The problem we were solving
Extracting structured items — decisions, action items, entities, claims — from messy unstructured text is one of the workhorses of applied LLM work. We need each real item recovered (recall) without inventing items that were never said (precision). The catch on our corpus: the source uses near-identical surface forms for items that should count and items that shouldn’t. Telling “Approval of the financial statement for May” (a real decision) from “the resolution was adopted unanimously” (procedural noise) requires interpretive judgment, sentence by sentence.
The setup
Nine local Ollama models, one fixed sample, same prompt, same evaluator (a frontier judge at samples=3), same reference set hand-pulled from a small but adversarial corpus, same chunking.

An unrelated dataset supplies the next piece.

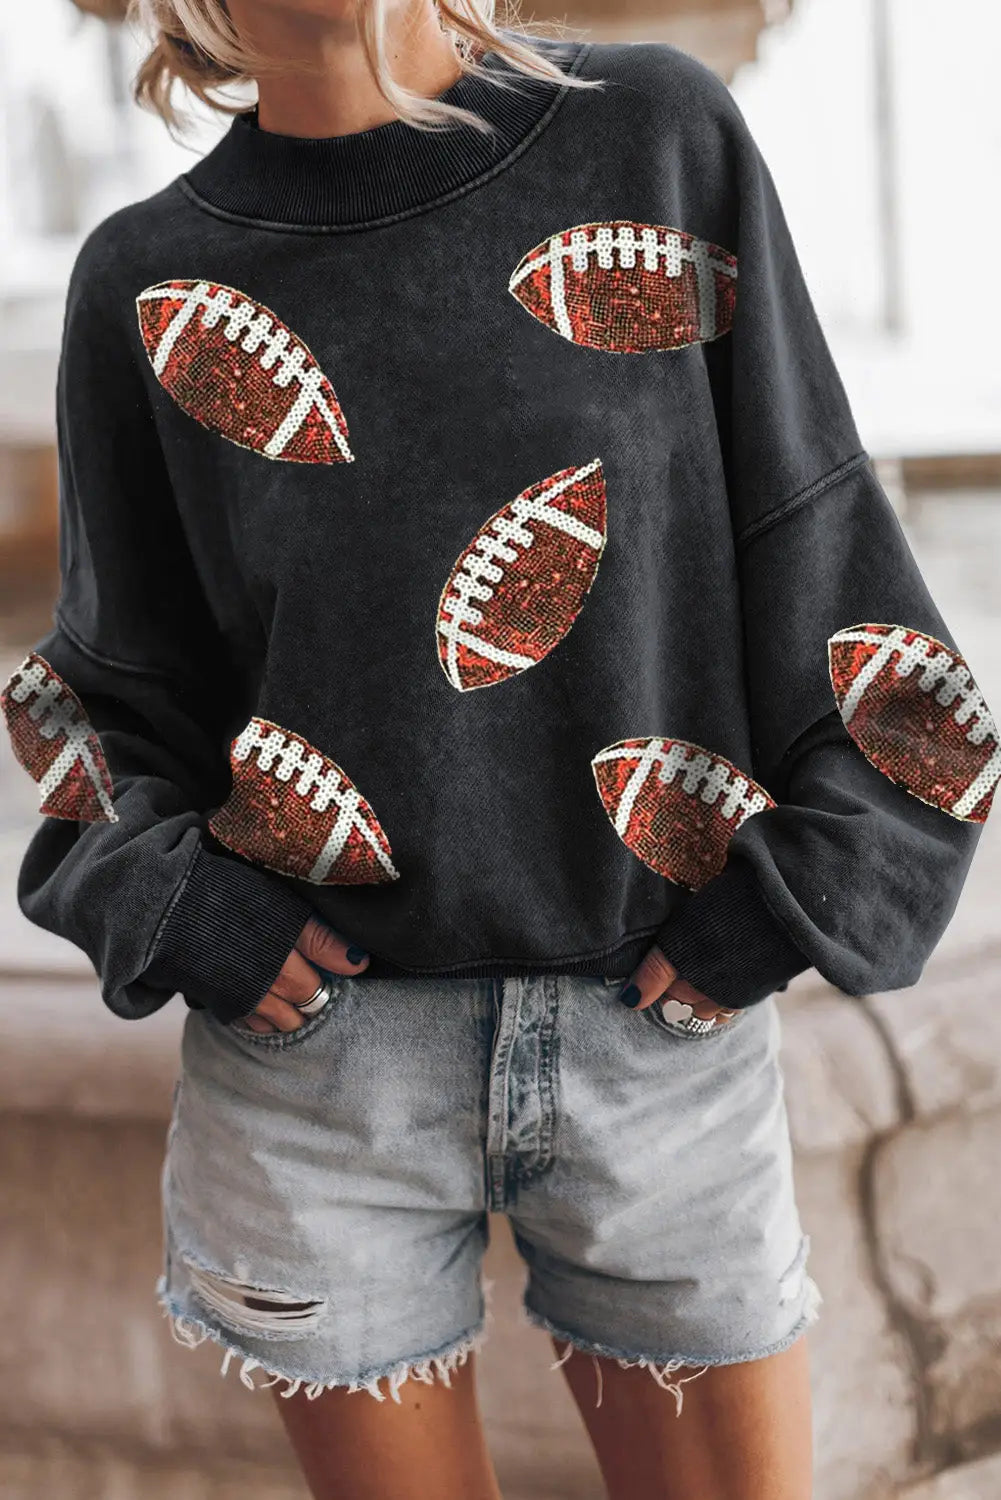 Black sequin fringed rugby casual sweatshirt - black2 / 2xl / 70% polyester + 30% cotton - graphic

Only the model varied. Families spanned qwen2.5, qwen3.5, qwen3.6, gemma4, gpt-oss, mistral-medium, and granite4.1; sizes ran from 23 GB to 81 GB on disk. We scored micro-recall and micro-precision plus a separate fabrication count, which stayed near zero across the board. Figure 1 shows where each model landed.

The measurement
The headline is the gap, not the winner. Within the same architecture (qwen3.6 35B-A3B MoE), going from q4 (23 GB on disk) to bf16 (71 GB) moved recall from 0.688 to 1.000 — a 31-point gap on the items we cared about. Precision moved in the opposite direction, from 0.538 to 0.435.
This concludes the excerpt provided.